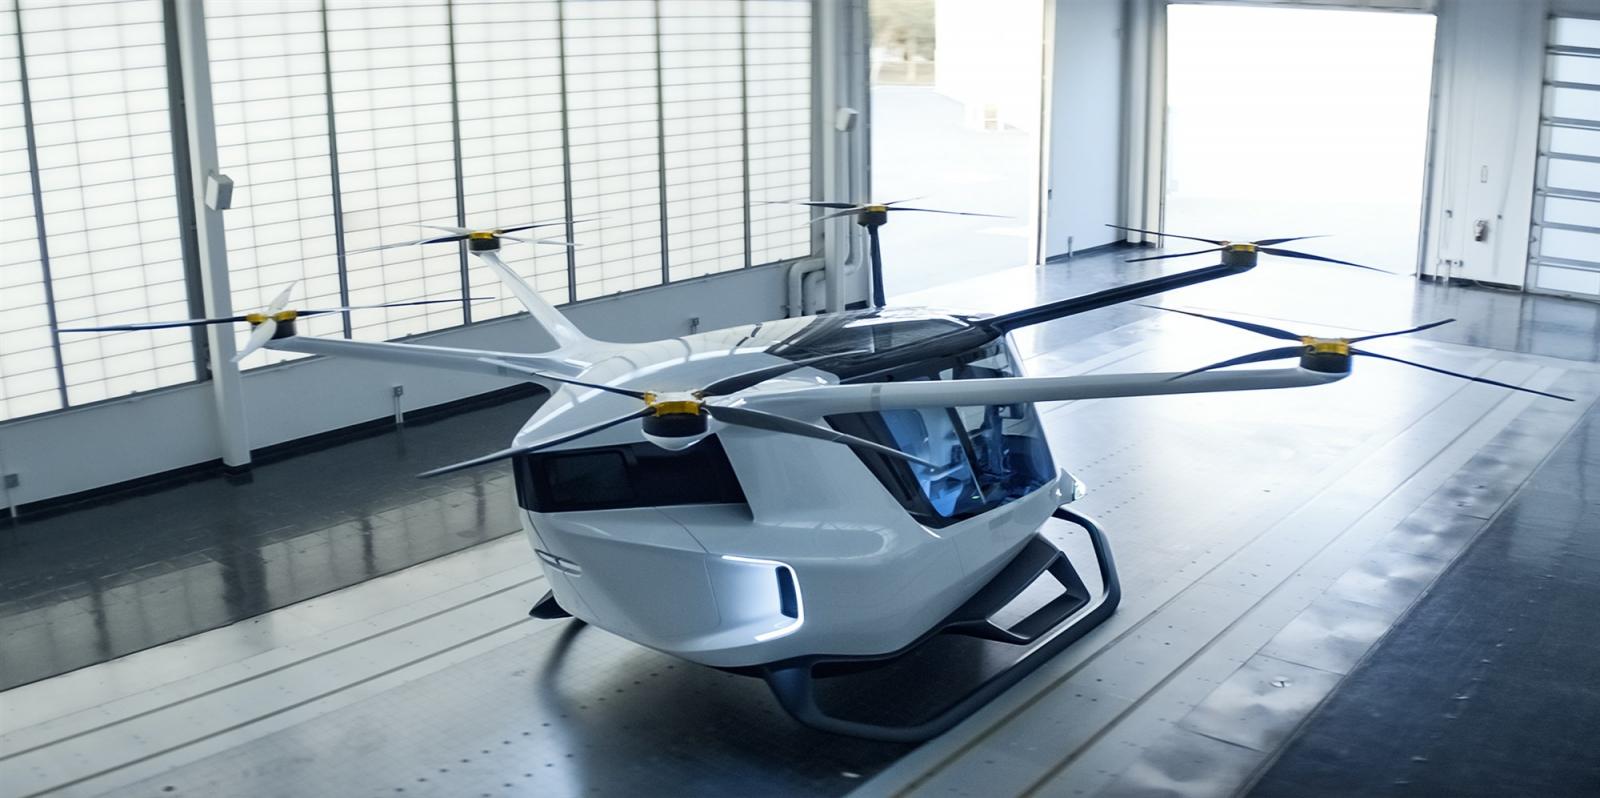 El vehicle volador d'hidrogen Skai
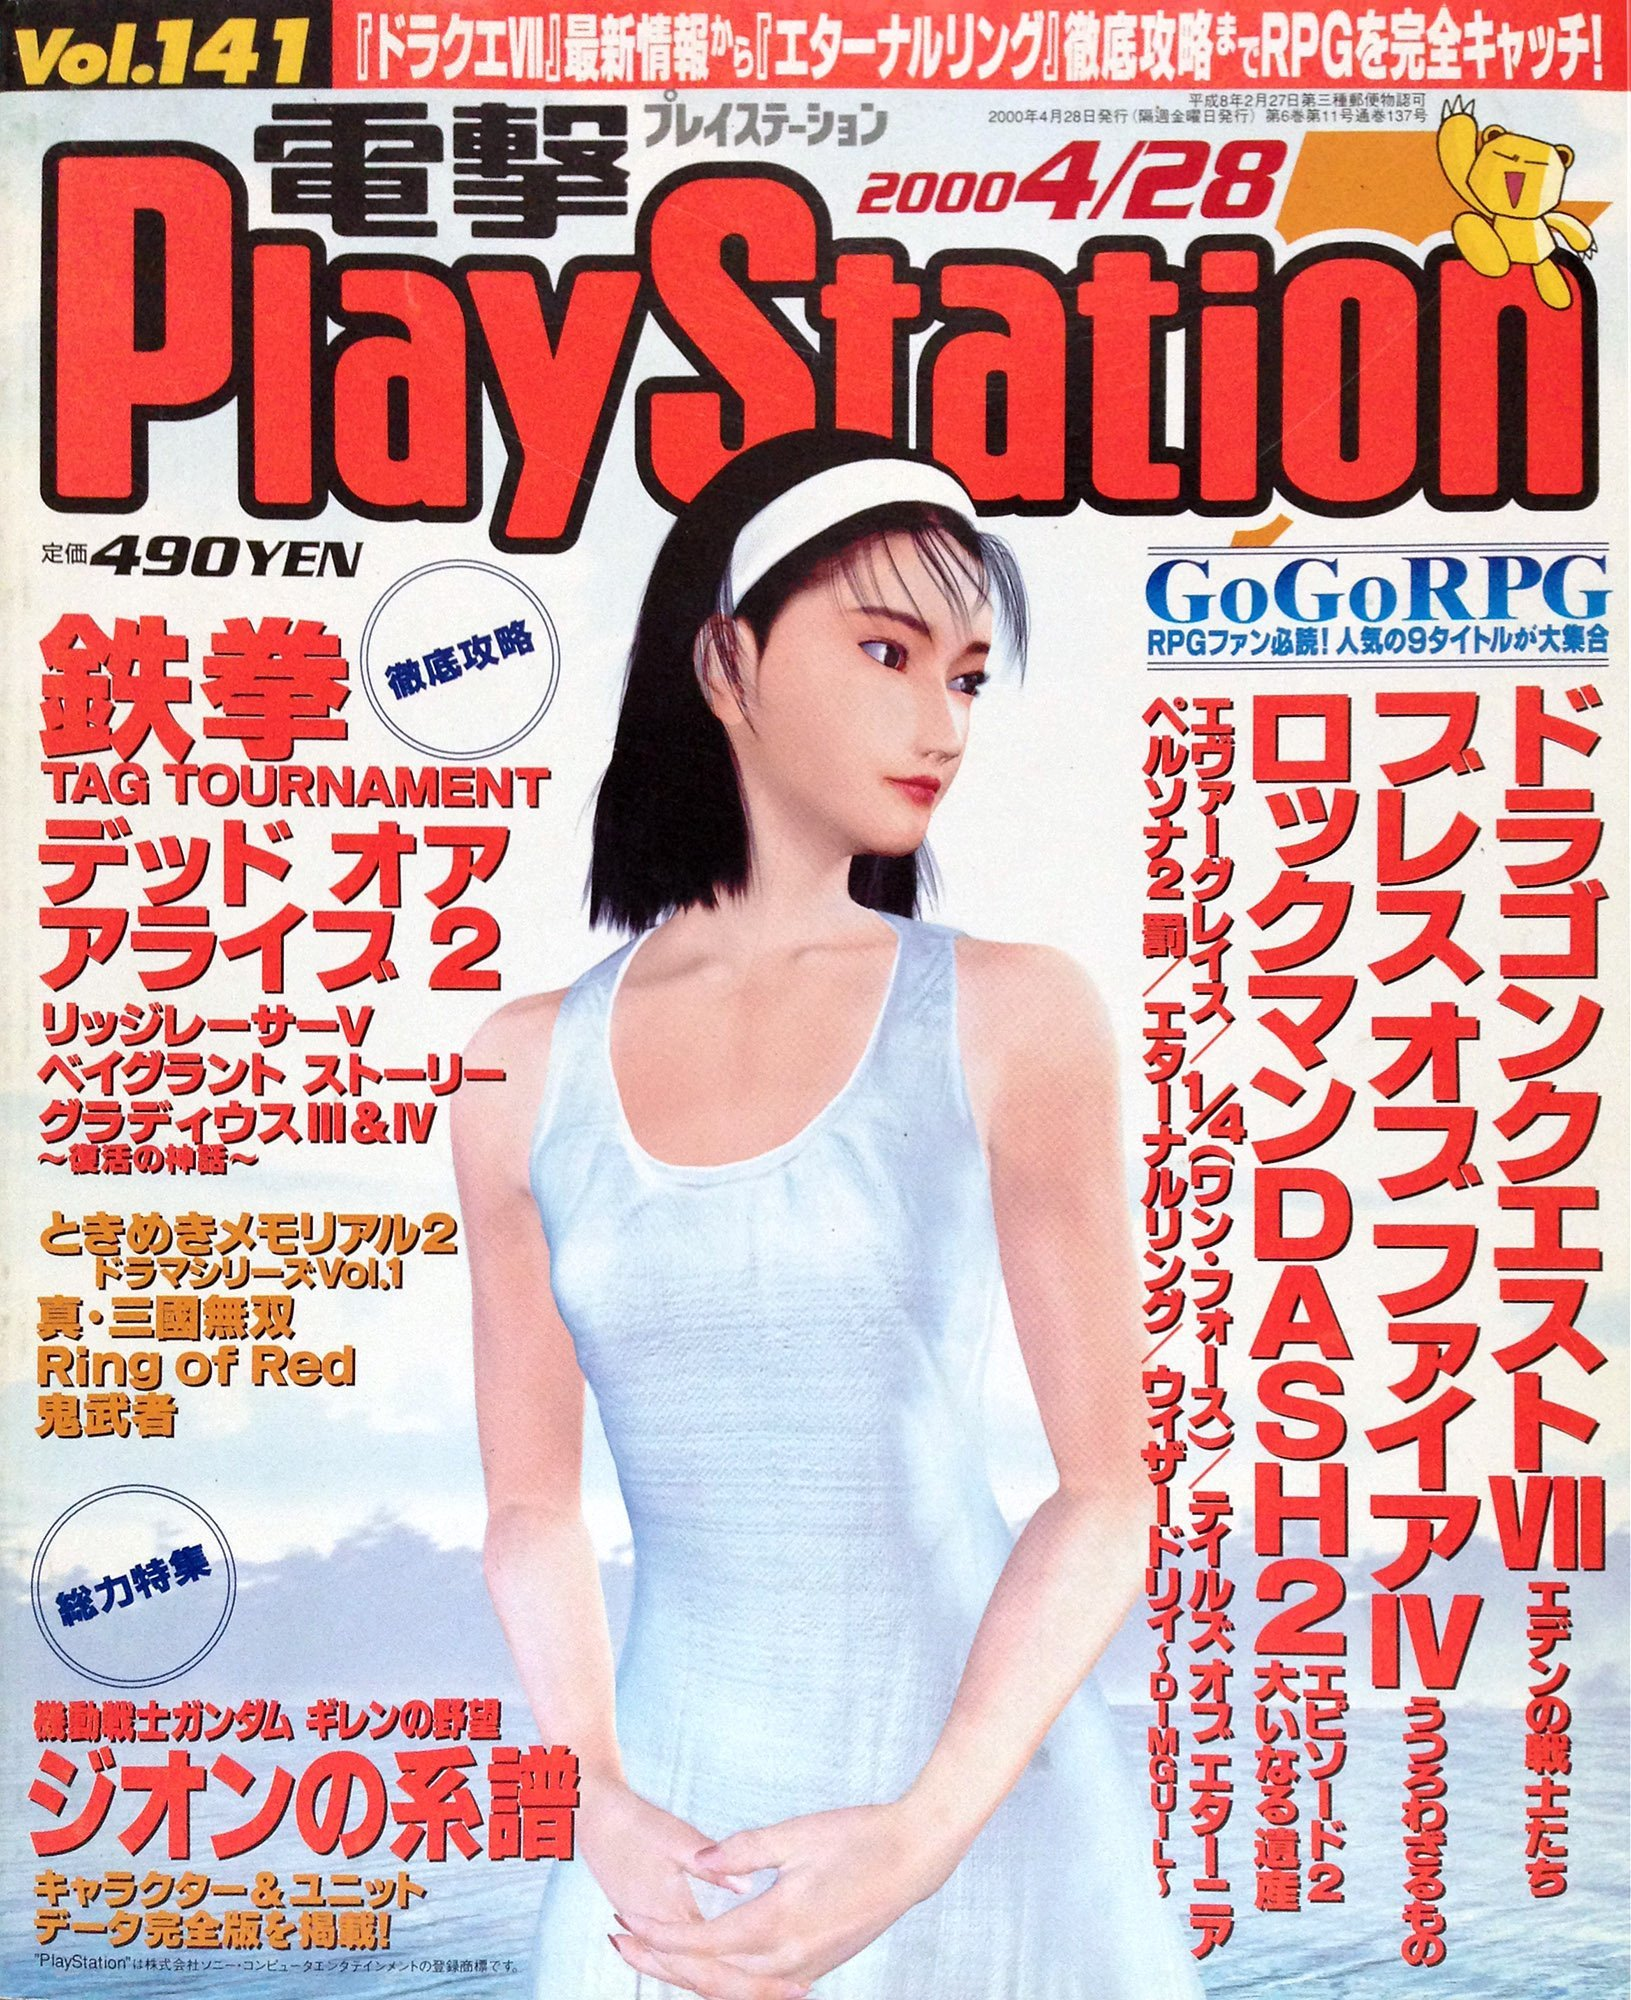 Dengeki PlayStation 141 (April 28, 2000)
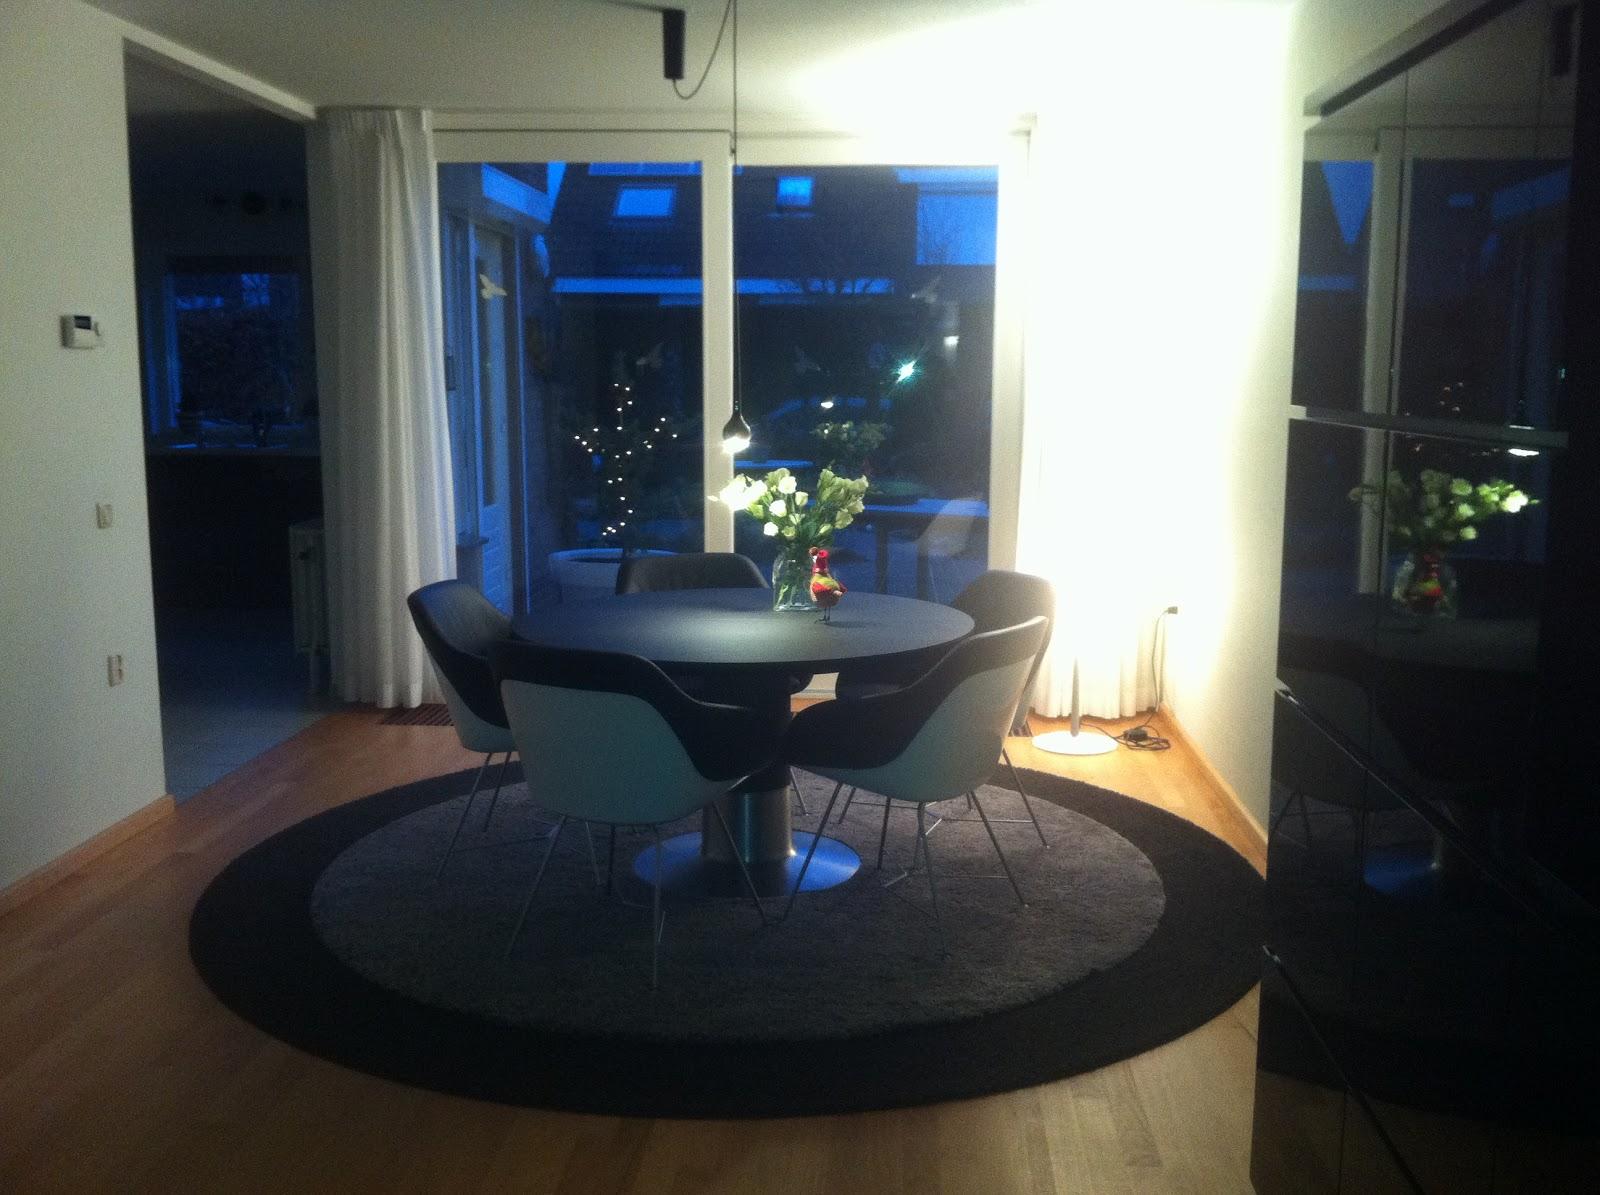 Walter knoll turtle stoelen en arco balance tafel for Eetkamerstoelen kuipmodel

══════════

## Exercise aim:
Starting from the line that has "Dengeki PlayStation 141 (April 28, 2000)" and ending at the last line of the material above, every line should be output exactly; pictures are dropped and nothing else appears.

## Expected output:
 Dengeki PlayStation 141 (April 28, 2000)
 Walter knoll turtle stoelen en arco balance tafel for Eetkamerstoelen kuipmodel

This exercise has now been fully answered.